Weight Patterns Before and After Total Joint Arthroplasty and Characteristics Associated with Weight Change

Maria CS Inacio, PhD; Donna Kritz Silverstein, PhD; Rema Raman, PhD; Caroline A Macera, PhD; Jeanne F Nichols, PhD; Richard A Shaffer, PhD; Donald Fithian, MD

Perm J 2014 Winter; 18(1):25-31



Context: Although prevalence of obesity and incidence of total joint arthroplasty (TJA) have dramatically increased over the last two decades in the US, little is known of the preoperative and postoperative weight patterns of patients undergoing TJA.

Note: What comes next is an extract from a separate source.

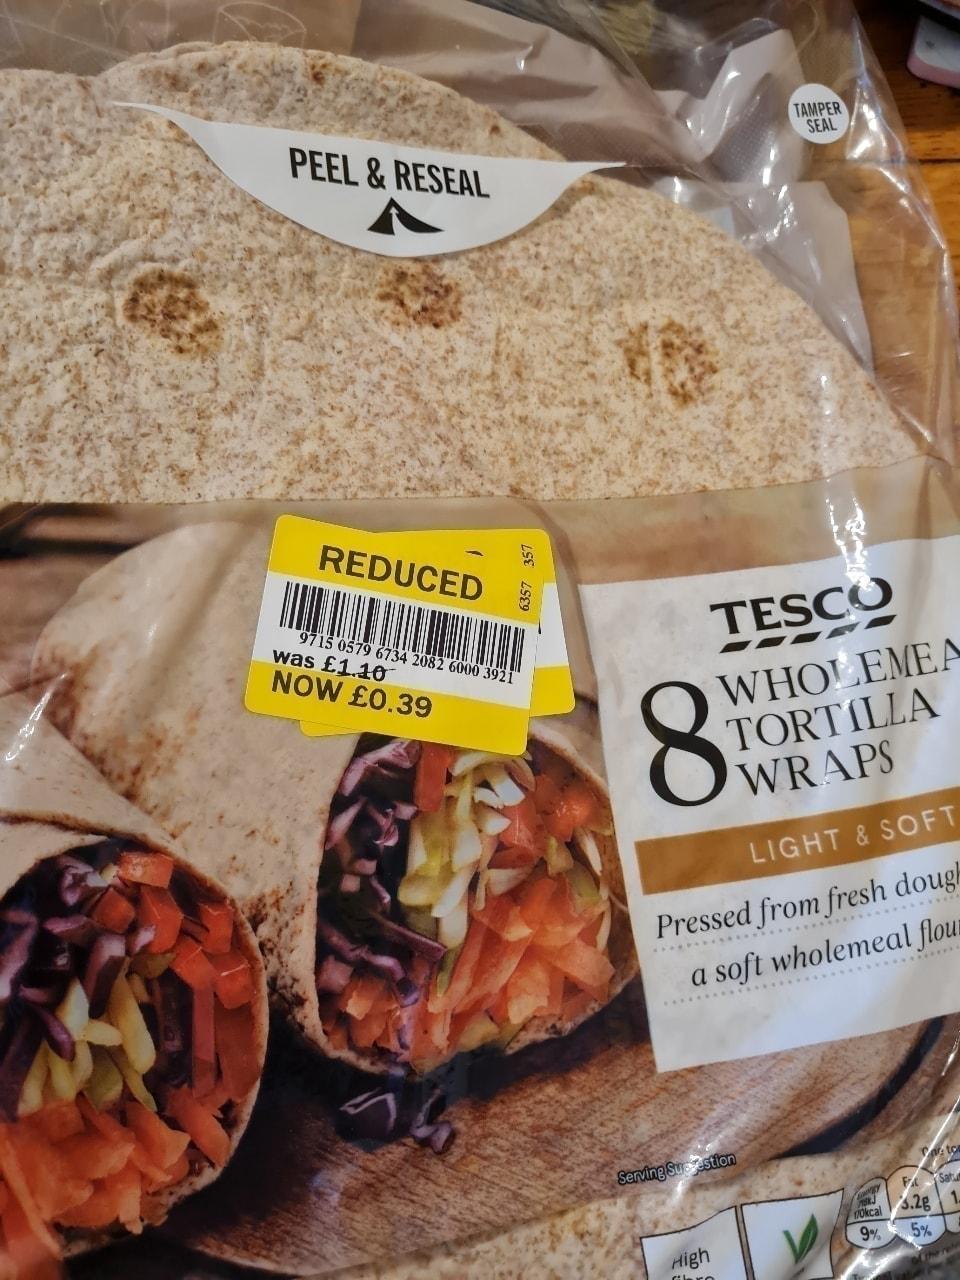 8 tortilla wraps

Objective: To describe the preoperative and postoperative weight patterns of patients undergoing TJA and evaluate characteristics associated with these patterns.

Design: Retrospective cohort study. A cohort of patients undergoing total hip arthroplasty (THA) or total knee arthroplasty (TKA) between January 1, 2008, and December 31, 2010, was identified. Using weight obtained at patient encounters, patients were categorized into gainers (increased weight by 5%), losers (decreased weight by 5%), or remained the same (changed < 5%) for the preoperative and postoperative periods. Patients were characterized by sex, age, and race.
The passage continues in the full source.